In the past three years since moving to the first block of South Penn Street, Snyder said, he has called 911 repeatedly to report drug dealers to police.
Finally fed up at what he calls inaction on the part of authorities, Snyder placed a sign in his storefront window this week telling drug dealers they were free to sell all the crack they wanted because the city police will not do a thing about it.
"I am fed up. I am so stressed out. I am a prisoner in my own home," Snyder said Saturday.
The sign went up the day after, Snyder said, he witnessed a drug deal and wasn't happy with the police response.
At first, Snyder did not want his name associated with the sign. He, like many of his neighbors, are afraid of retaliation in a neighborhood where they often hear gun shots. Snyder said he has a jar full of spent bullet shells he has collected off the sidewalk.
Snyder broke his silence Saturday after he walked out of a convenience store and a man he says is a crack dealer pointed his thumb and pointer finger at him as if it were a gun.
"I am scared out of my pants," Snyder said.
York City Police Detective Andy Shaffer, who runs the city's vice unit, said last week that police spent a lot of time in the first two blocks of South Penn Street last year.
Police executed more than 10 search warrants for illegal drugs and made at least 25 arrests in those blocks, he said.
"We are still actively working it despite what the sign says," Shaffer said.

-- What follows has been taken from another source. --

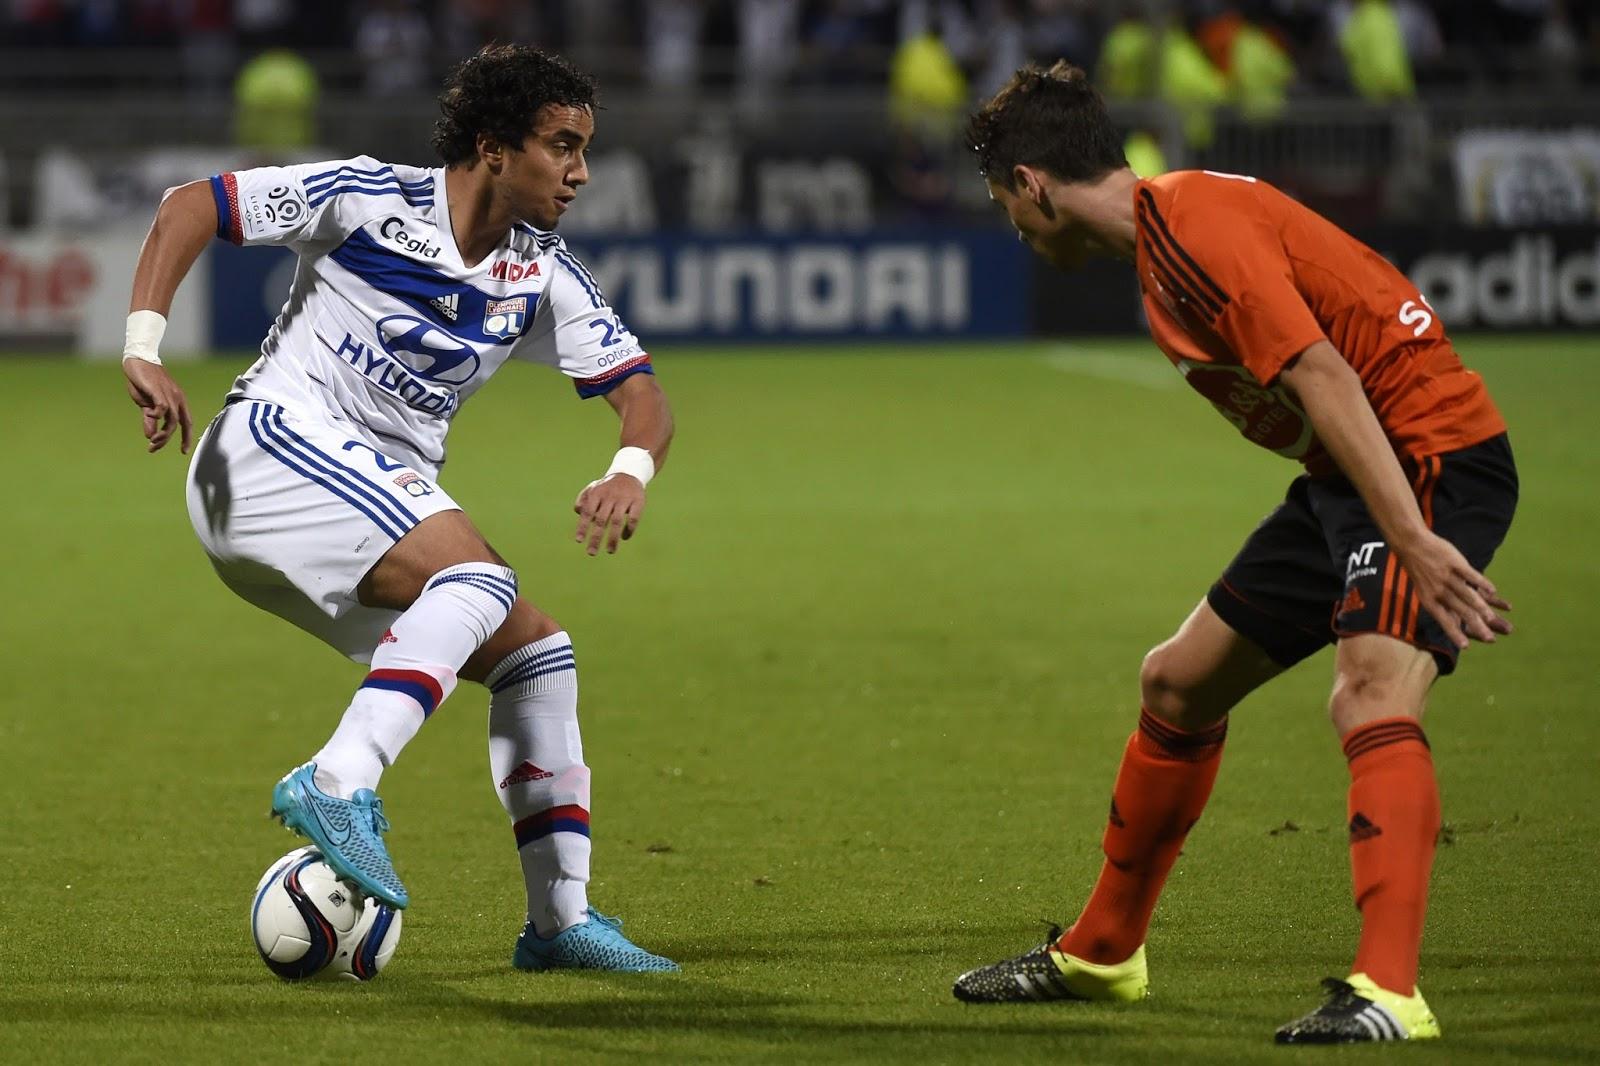 Separado do irmão gêmeo Fábio, que atualmente defende o Cardiff City, Rafael não brilhou em sua estreia pelo Lyon (Foto: Philippe Desmazes/AFP)

During a recent citywide drug operation, police said, they arrested Sihee Jamison, 21, in the 100 block of South Penn Street. Jamison was charged with delivery and possession with intent to deliver crack cocaine. Police seized $600 in cocaine and $1,300 in cash.
York City Police Capt. Wes Kahley said the neighborhood will be covered by a patrol unit dedicated to the city's west end, which will start in March.
Snyder made the original sign with white lettering on his glass storefront window. Then, he said, he watched from his third-floor window as somebody smashed his window with a brick.
He said he called 911 and gave a description of the man and the type of car he sped off in. He called 911 three more times Saturday when he saw the man back in the neighborhood and waited for police. The police did not come, he said.
Snyder said he bought the brick townhouse for $34,000 three years ago. He spent the past three years renovating the home.
He was hopeful of putting in an art gallery, featuring his ceramic and pottery crafts.
He is afraid his dream of a gallery is gone as long as drug dealers congregate outside his front door near the sign, which reads "Deer crack dealers, you kin sell crack on this block and the York police will not stop you."
The 54-year-old Snyder said the only way he will take the sign down is if the city replaced it with one-inch thick bulletproof glass.
"All that sign is doing is stating the conclusion of my experiment. This is the result of a statistical study I conducted over the past two years," Snyder said.